The Panel finds that the Virginia
State Bar has failed to establish a violation of Rule 3.3 by clear and convincing
evidence, and the charge is thereby dismissed.
The Board, after considering the
testimony of eight witnesses, including the Respondent, plus a de bene esse
deposition of The Honorable Sam J. Coleman, Judge of the Court of Appeals of
Virginia, and after reviewing 24 exhibits introduced by the Virginia State Bar
and 17 exhibits introduced by the Respondent, all without objection from opposing
counsel, and having considered the Motion to Strike made by the Respondent,
and denying same, and having heard argument, the Board deliberated.
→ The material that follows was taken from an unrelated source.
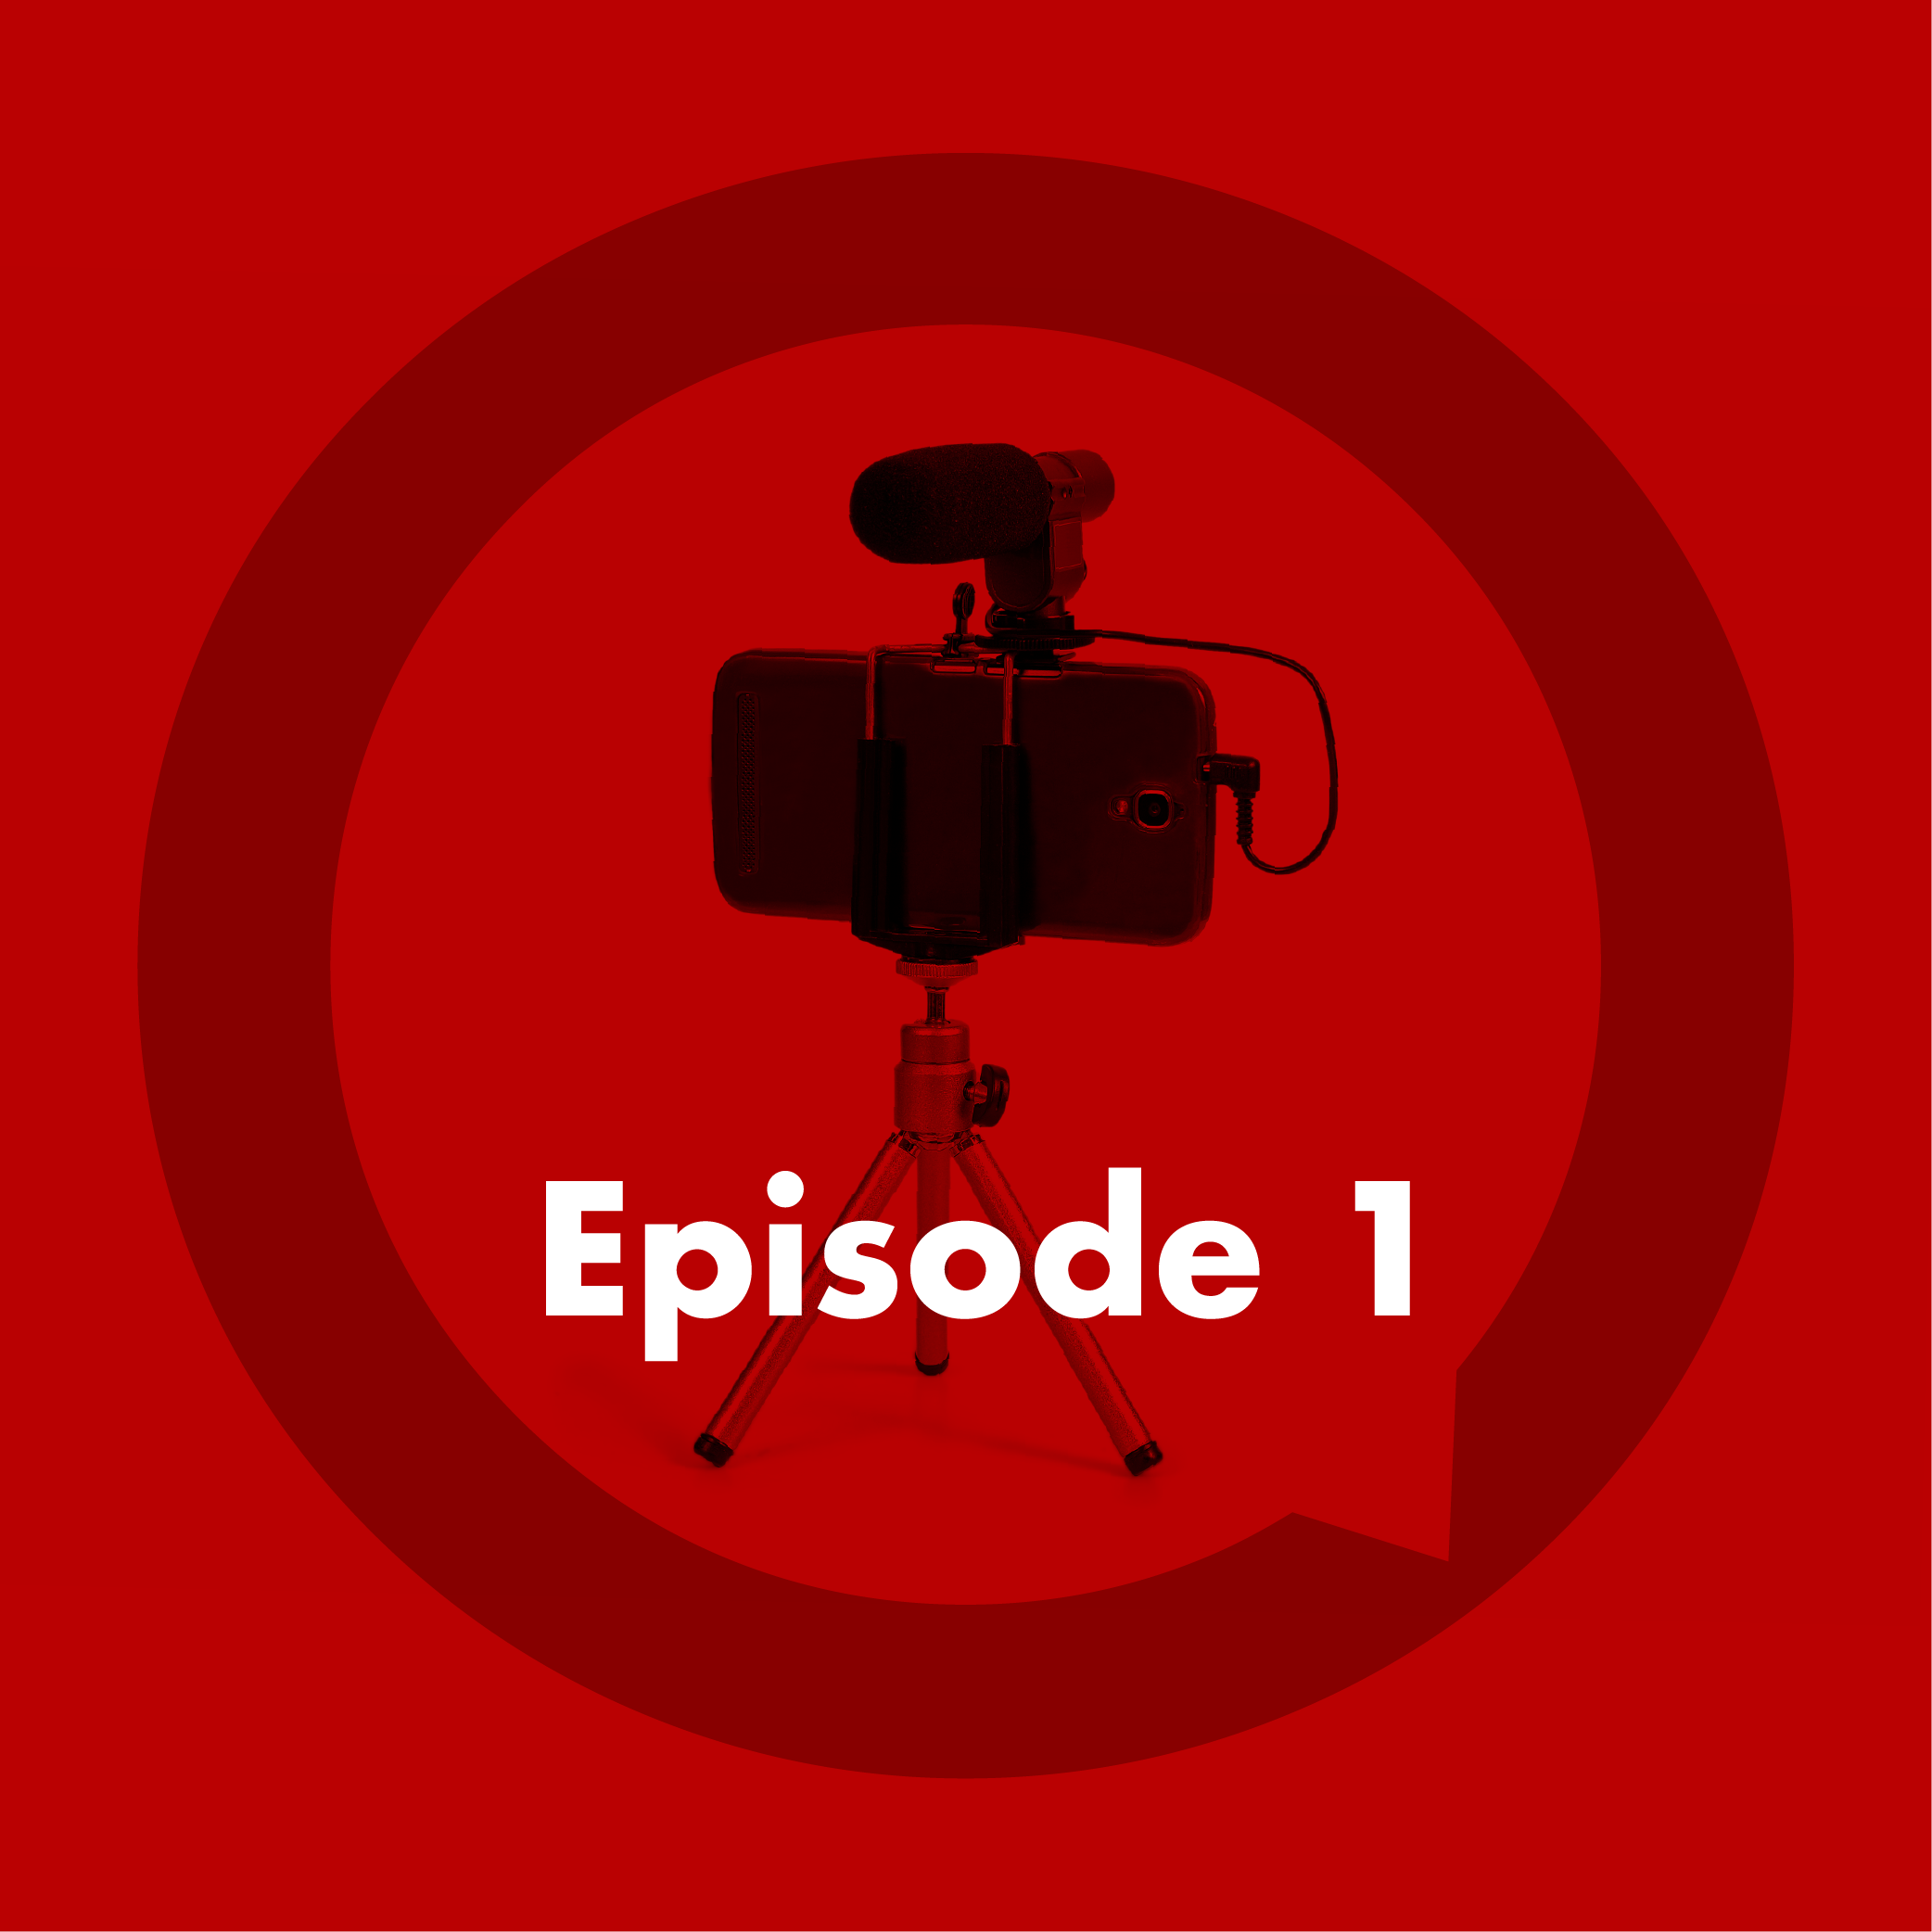 Live episodes

After an
equally aggressive prosecution and defense, the Board unanimously determined
that the Respondent be given a PUBLIC REPRIMAND inasmuch as the Board finds,
by clear and convincing evidence, that the Respondent, Ellen Compere Reynolds,
violated DR 7-105(C)(1) and Rule 3.1. Upon consideration of these matters, the
Panel hereby issues a PUBLIC REPRIMAND effective upon entry of this Order.
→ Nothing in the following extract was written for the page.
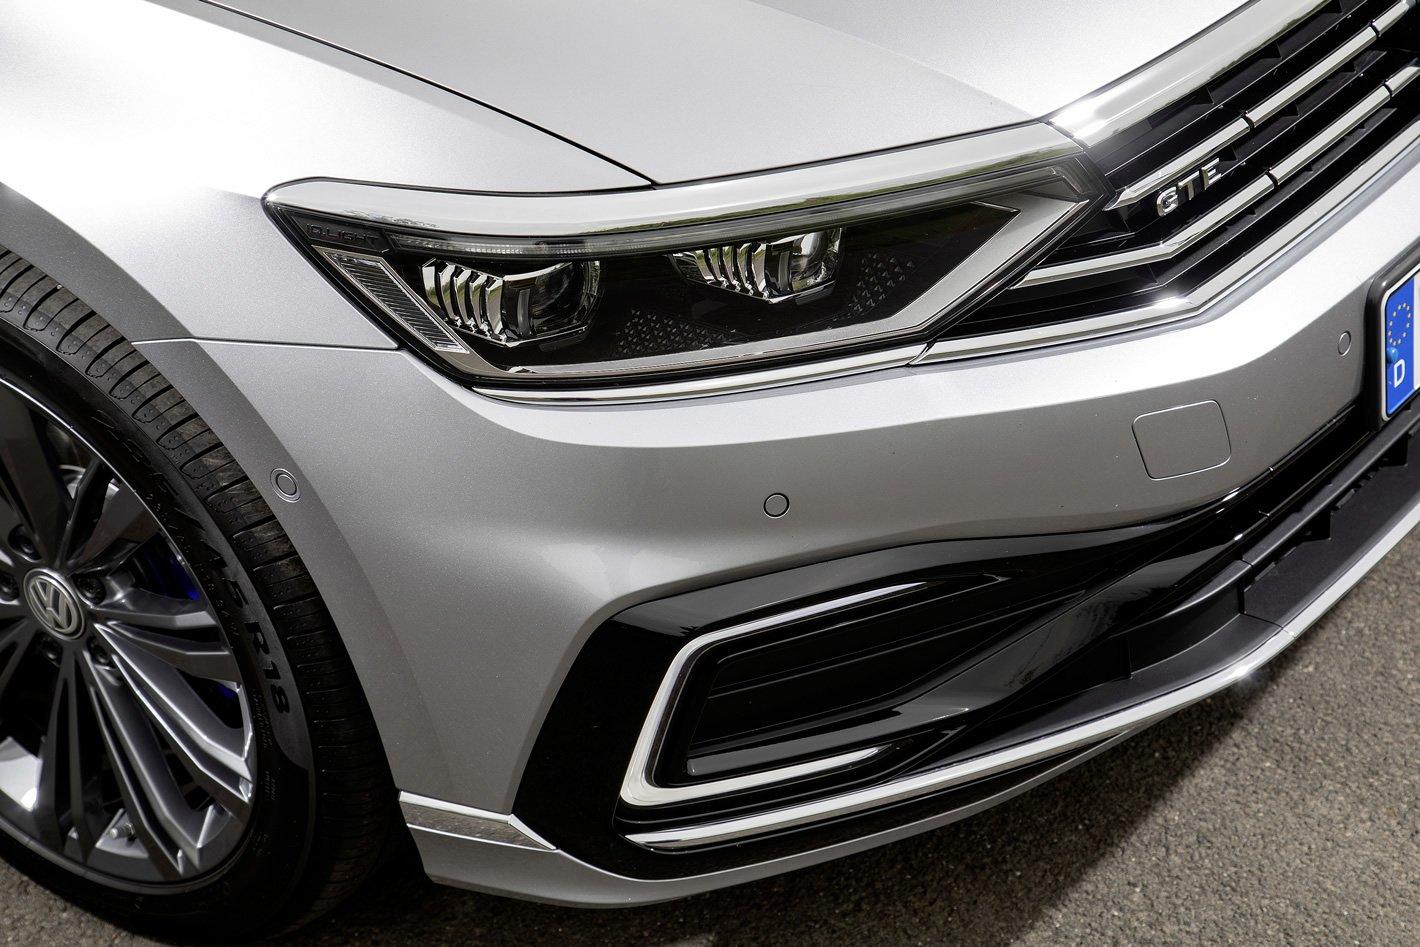 Nowy Volkswagen Passat - reflektory matrycowe

The Clerk of the Disciplinary System
shall assess costs pursuant to Part IV, Paragraph 13(k)(10) of the Rules of
the Virginia Supreme Court.
IT IS ORDERED that the Clerk of the Disciplinary System shall send an attested true copy of this Order to the Respondent, Ellen Compere Reynolds, by certified mail, return receipt requested, at her address of record for the Virginia State Bar, Child Support Enforcement Division, Danville District Office, 155 Deer Run Road, Danville, Va. 24540, and to Michael L. Rigsby, Esquire, Respondent's counsel, Suite 160, 9030 Stoney Point Parkway, Richmond, Virginia 23235, and to Paul D. Georgiadis, Esquire, Assistant Bar Counsel, Virginia State Bar, 707 East Main Street, Suite 1500, Richmond, Virginia, 23219-2800.
ENTERED this __________ day of April, 2002.